At the same time, the bankruptcy court overemphasized the impact of talc litigation on Old JJCI. “Directing its sight to Old Consumer and away from the Funding Agreement’s benefit to LTL essentially made the financial means of Old Consumer, and not LTL, the lodestar of the Court’s financial-distress analysis. This misdirection was legal error,” the opinion states (emphasis added).

In addition, Judge Ambro says that the bankruptcy court failed to account for Old JJCI’s past litigation successes. Before LTL’s bankruptcy, “in the over five years of litigation to date, the aggregate costs had reached $4.5 billion (less than 7.5% of the $61.5 billion value on the petition date), with about half of these costs attributable to one ovarian cancer verdict, Ingham, to date an outlier victory for plaintiffs.”

Despite these facts, the opinion adds, the bankruptcy court “invoked calculations that just the legal fees to defend all existing ovarian cancer claims (each through trial) would cost up to $190 billion” and that exposure from existing mesothelioma claims alone exceeded $15 billion.
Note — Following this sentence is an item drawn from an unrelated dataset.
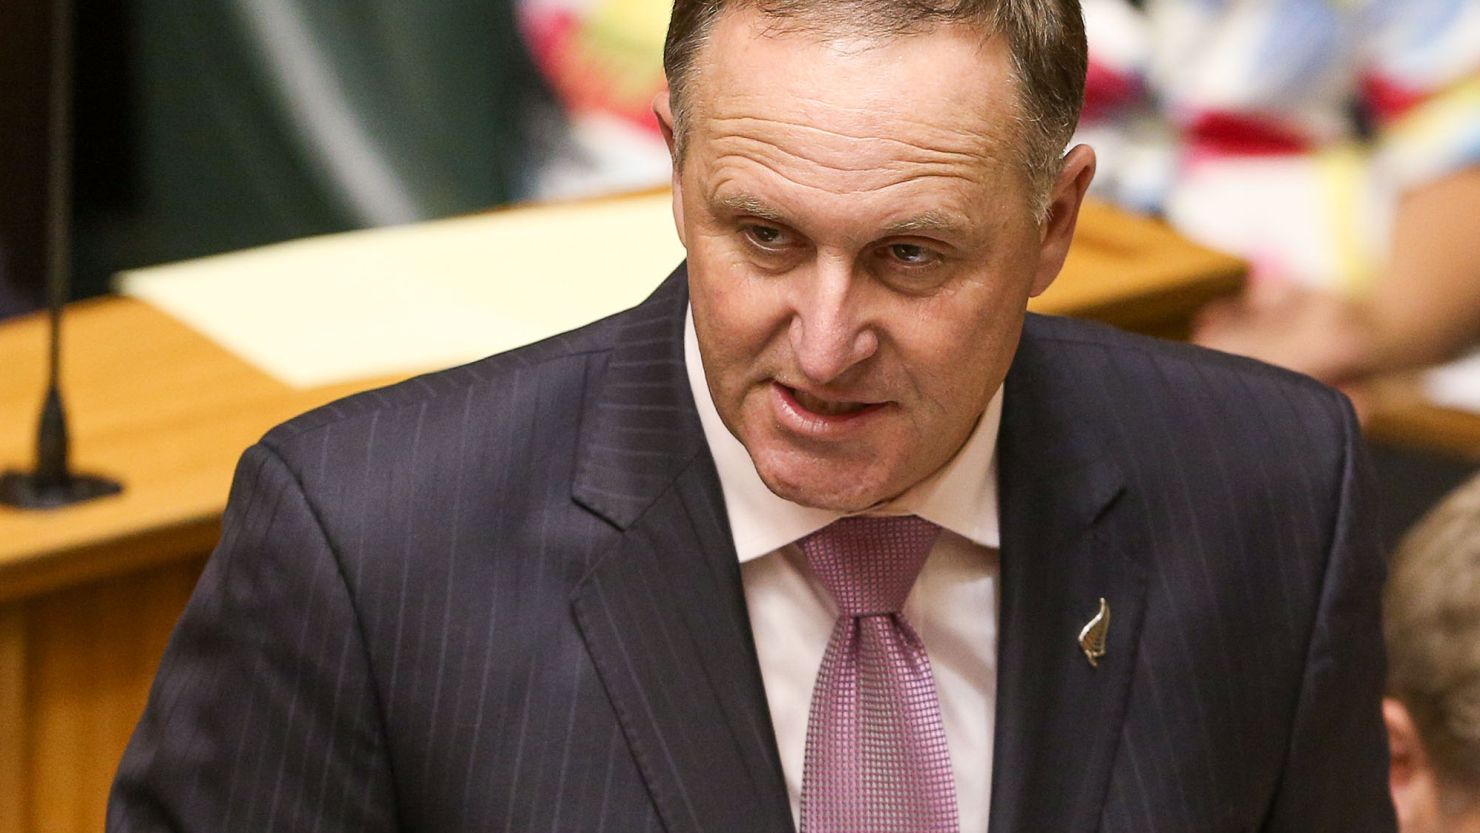 NZ Prime Minister John Key said the decision to deploy personnel to Iraq had not been taken lightly.

The ruling also faults the bankruptcy court for “the casualness of the calculations supporting” its projections, which “engenders doubt as to whether they were factual findings at all, but instead back-of-the-envelope forecasts of hypothetical worst-case scenarios” (emphasis added).

Judge Ambro writes, “What these projections ignore is the possibility of meaningful settlement, as well as successful defense and dismissal, of claims by assuming most, if not all, would go to and succeed at trial.” The record instead supports the conclusion that “LTL, at the time of its filing, was highly solvent with access to cash to meet comfortably its liabilities as they came due for the foreseeable future.”

The opinion also addresses a litigation what-if: the possibility that the Ingham verdict “is not an anomaly but a harbinger of things to come” and that cash available under the funding agreement cannot adequately address LTL’s talc liability. “Perhaps at that time LTL could show it belonged in bankruptcy,” Judge Ambro reasons. “But it could not do so in October 2021” (emphasis added).

“Unusual Circumstances” Do Not Preclude Dismissal

Finally, the Third Circuit focuses on the bankruptcy court’s holding that “the interests of current tort creditors and the absence of viable protections for future tort claimants outside of bankruptcy … constitute such ‘unusual circumstances’ as to preclude … dismissal.”

Judge Ambro responds, “[W]hat is unusual instead is that a debtor comes to bankruptcy with the insurance accorded LTL.” He continues, “Our ground for dismissal is LTL’s lack of financial distress,” and that “[n]o ‘reasonable justification’ validates that missing requirement in this case.”